There were condor-g issues in 6.7.14 with refreshing a delegation for long CRAB runs (> 12 hours I think). This was hoped to be fixed with a new version of condor-g 6.7.17, but Brian backed that out as it caused problems with pre-ws gram users on the same machine ([condor-admin #13508]). Jaime is helping Brian to setup 2 condor installs - 1 for pre-ws jobs and one for experimental use like this ws gram testing. At the same time, the CRAB application is no longer stable and cannot be used for testing at the moment and, according to Brian, maybe not for a while. We are stepping back to a dummy stage-in-sleep-stage-out job (condor-g-ws-test-sleep-io). Initial testing with a 4 MB input and 10MB output file produced RFT/gridftp errors. We will reduce the file sizes and see where the breaking point is and then report back. During this run there were also condor job execution errors that may have been caused by NFS. Brian has changed an NFS setting, hopefully avoiding the problem. We'll see. Here are the current action items: 1) Brian: Get Condor-G version 6.7.17 running just for ws-gram jobs on osg-test2. 2) Peter: Adjust the input file size to 0.5 MB for condor-g-ws-test- sleep-io test. 3) Peter: Adjust the output file size to 1 MB for condor-g-ws-test- sleep-io test. 4) Peter: Run a 3500-job test run with condor-g-ws-test-sleep-io. 2 & 3 are necessary because of the RFT bug (#3121) that prevents throttling the number of active transfers. After getting the above test to work, we can worry about getting RFT patched and find a reasonable setting to avoid the GridFTP server timeouts.

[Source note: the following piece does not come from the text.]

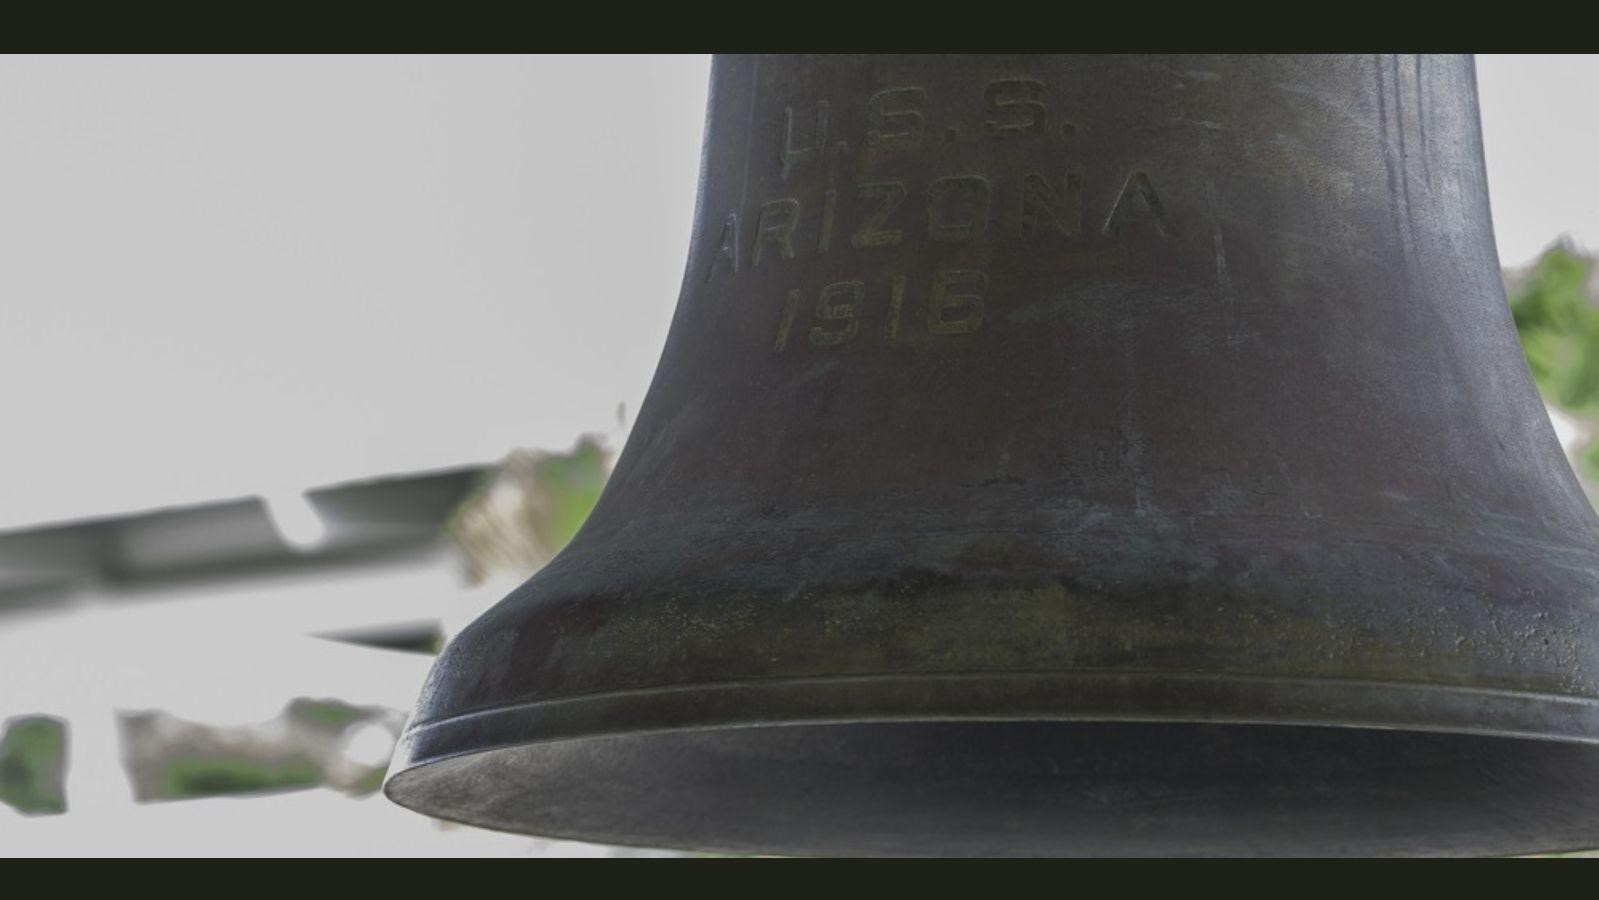 The USS Arizona Memorial Bell hangs at the Pearl Harbor National Memorial Visitor Center

Tasks 1 through 3 of the latest action list are done (thanks Brian!). I'm running a 500-job test right now just to shake everything down. If that runs cleanly I'll bump it up to 3500.

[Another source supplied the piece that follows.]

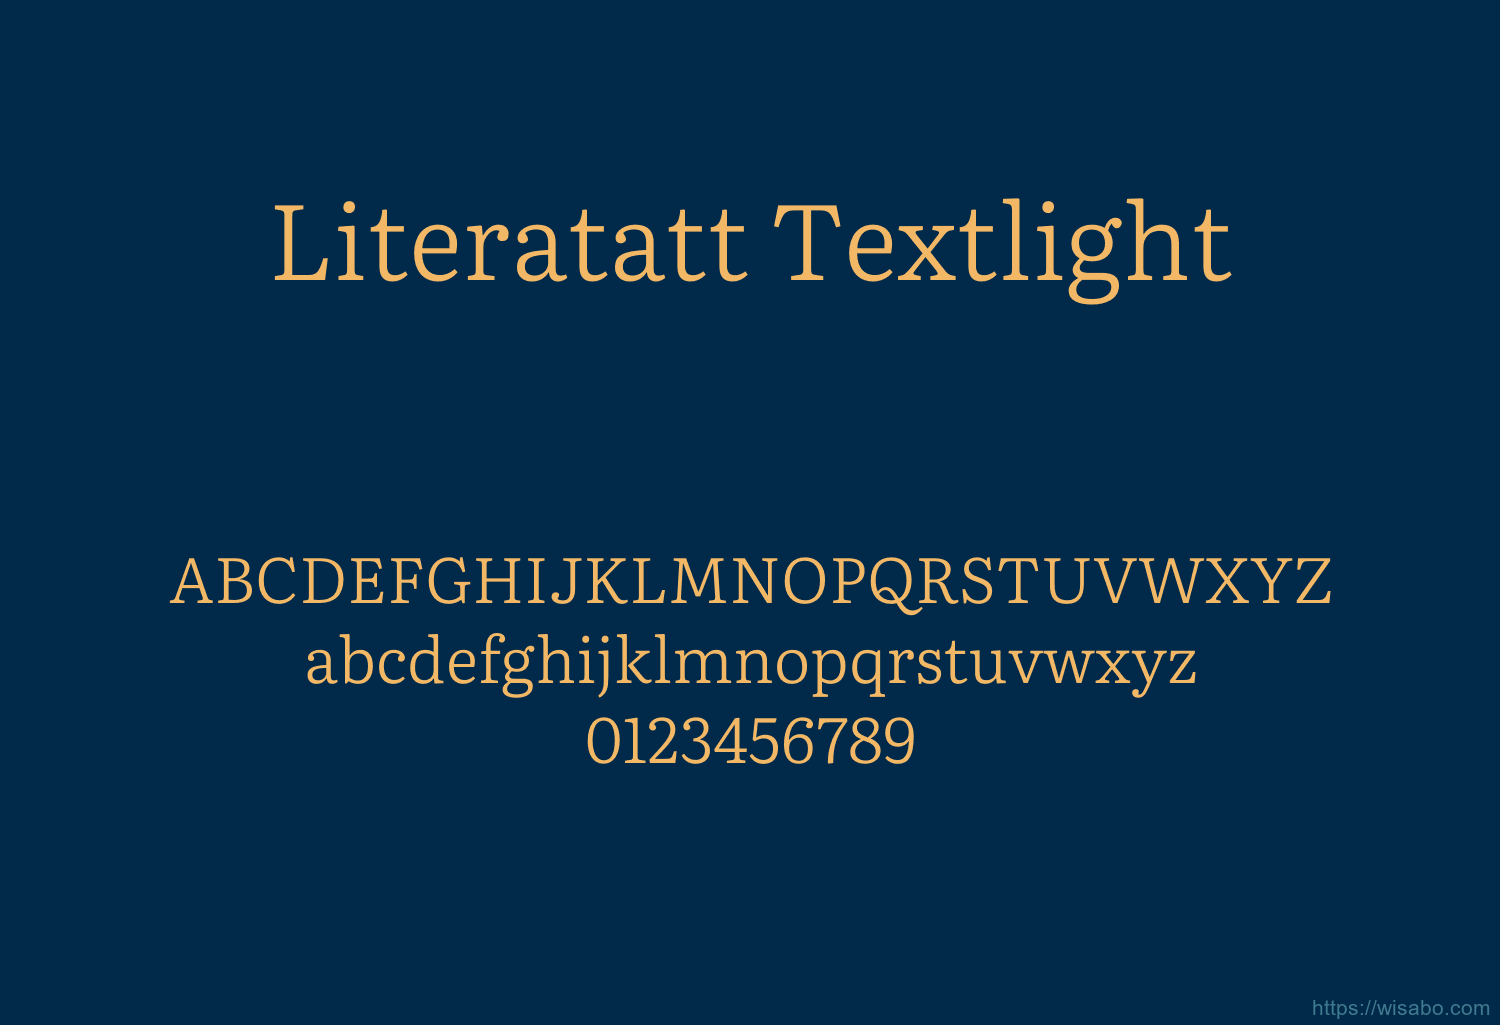 Literatatt Textlight

I haven't had a chance to track down problems I was having with larger runs. Here's the the email I wrote regarding this problem from March 31st: >> I was able to run a 500-job test, but the 3500-job test had >> problems. It >> got hung up at one point waiting for the fileCleanUp transfer request >> before being destroyed. I looked into it and if I'm not mistaken it >> looks like RFT lost the request. Here's the line where GRAM registers >> the transfer request with the RFT notification listener thread: >> >> 2006-03-31 12:41:49,653 DEBUG exec.StagingListener [RunQueue >> FileCleanUp,registerTransferJob:104] >> [execJobKey:72193bb0-c0b9-11da-9560-fa7a7cd61e10,transferJobKey: >> 150037] >> Leaving registerTransferJob() >> >> From this I determined that the request ID is >> "150037" ("transferJobKey" >> is my name for the RFT request id--don't worry, I checked for >> sanity's >> sake that this wasn't a transfer ID too). I then did a search in the >> MySQL database for this request: >> >> mysql> select * from transfer where request_id=150037; >> Empty set (0.12 sec) >> >> mysql> select * from request where id=150037; >> Empty set (0.00 sec) >> >> RFT doesn't appear to delete the database records, so even if the >> request was destroyed the record should still be there. That said, I >> also don't see an deliver() calls for that request. Unfortunately I >> didn't have debugging turned on for RFT, so I'll have to restart the >> test. >> >> Peter
Hello I have talked to Stu Martin who said follow up to this problem since April 28th - see the bottom of this Bugzilla report - has been superceded by a higher priority project. Stu also said that he hopes to get some effort available in the next month or so. Is this a correct assessment? When I read the last posting on this Bugzilla thread I thought there would be continuing follow up and was worried that OSG had failed to be avialable as needed. Thank you Ruth
I am marking this campaign as closed. Another campaign bug 4506 has been created to focus the continuing effort in this area. -Stu
I'm increasing the priority of the replacement campaign aimed at this issue, 4050.
Oops! I mean the priority of campaign 4506 is being increased!